Over the years, he says, he discussed a range of religious topics with guards: 
"I spoke to them about subjects like Father Christmas and Ishac and Ibrahim 
[Isaac and Abraham] and the sacrifice. About Jesus." Holdbrooks recalls that 
when he announced he wanted to embrace Islam, Errachidi warned him that 
converting would be a serious undertaking and, at Guantánamo, a messy affair. 
"He wanted to make sure I knew what I was getting myself into." Holdbrooks 
later told his two roommates about the conversion, and no one else.

But other guards noticed changes in him. They heard detainees calling him 
Mustapha, and saw that Holdbrooks was studying Arabic openly. (At his Phoenix 
apartment, he displays the books he had amassed. They include a leather-bound, 
six-volume set of Muslim sacred texts and "The Complete Idiot's Guide to 
Understanding Islam.") One night his squad leader took him to a yard behind his 
living quarters, where five guards were waiting to stage a kind of 
intervention. "They started yelling at me," he recalls, "asking if I was a 
traitor, if I was switching sides." At one point a squad leader pulled back his 
fist and the two men traded blows, Holdbrooks says.

Holdbrooks spent the rest of his time at Guantánamo mainly keeping to himself, 
and nobody bothered him further. Another Muslim who served there around the 
same time had a different experience. Capt. James Yee, a Gitmo chaplain for 
much of 2003, was arrested in September of that year on suspicion of aiding the 
enemy and other crimes—charges that were eventually dropped. Yee had become a 
Muslim years earlier. He says the Muslims on staff at Gitmo—mainly 
translators—often felt beleaguered. "There was an overall atmosphere by the 
command to vilify Islam." (Commander Gordon's response: "We strongly disagree 
with the assertions made by Chaplain Yee").

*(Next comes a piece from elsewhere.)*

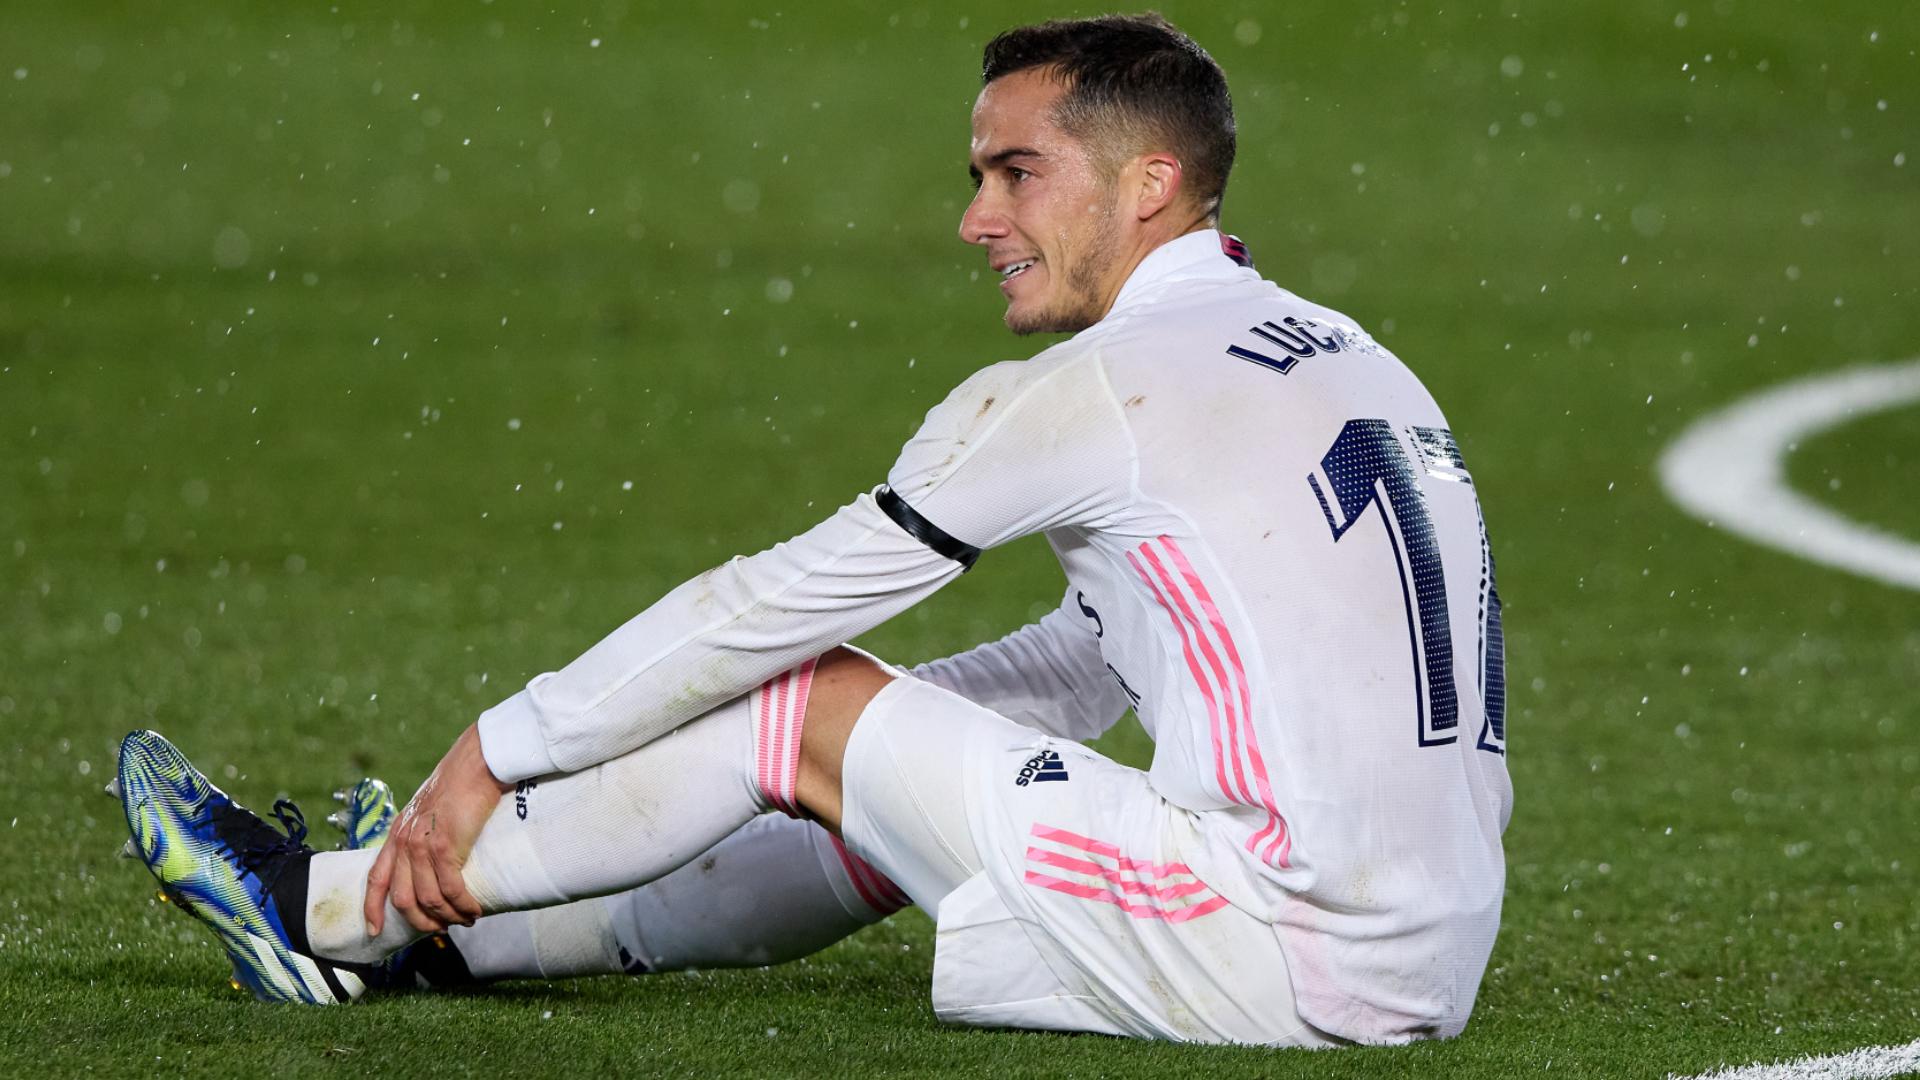 Season over for Lucas Vazquez as Real Madrid confirm knee ligament sprain

At Holdbrooks's next station, in Fort Leonard Wood, Mo., he says things began 
to unravel. The only place to kill time within miles of the base was a Wal-Mart 
and two strip clubs—Big Daddy's and Big Louie's. "I've never been a fan of 
strip clubs, so I hung out at Wal-Mart," he says. Within months, Holdbrooks was 
released from the military—two years before the end of his commitment. The Army 
gave him an honorable discharge with no explanation, but the events at Gitmo 
seemed to loom over the decision. The Army said it would not comment on the 
matter.

Back in Phoenix, Holdbrooks returned to drinking, in part to suppress what he 
describes as the anger that consumed him. (Neely, the other ex-guard who spoke 
to NEWSWEEK, said Guantánamo had made him so depressed he spent up to $60 a day 
on alcohol during a monthlong leave from the detention center in 2002.) 
Holdbrooks divorced his wife and spiraled further. Eventually his addictions 
landed him in the hospital. He suffered a series of seizures, as well as a fall 
that resulted in a bad skull fracture and the insertion of a titanium plate in 
his head.

Recently, Holdbrooks has been back in touch with Errachidi, who has suffered 
his own ordeal since leaving the detention center. Errachidi told NEWSWEEK he 
had trouble adjusting to his freedom, "trying to learn how to walk without 
shackles and trying to sleep at night with the lights off." He signed each of 
the dozen e-mails he sent to NEWSWEEK with the impersonal ID that his captors 
had given him: Ahmed 590.

Holdbrooks, now 25, says he quit drinking three months ago and began attending 
regular prayers at the Tempe Islamic Center, a mosque near the University of 
Phoenix, where he works as an enrollment counselor. The long scar on his head 
is now mostly hidden under the lace of his Muslim kufi cap. When the imam at 
Tempe introduced Holdbrooks to the congregation and explained he'd converted at 
Guantánamo, a few dozen worshipers rushed over to shake his hand. "I would have 
thought they had the most savage soldiers serving there," says the imam, Amr 
Elsamny, an Egyptian. "I never thought it would be someone like TJ."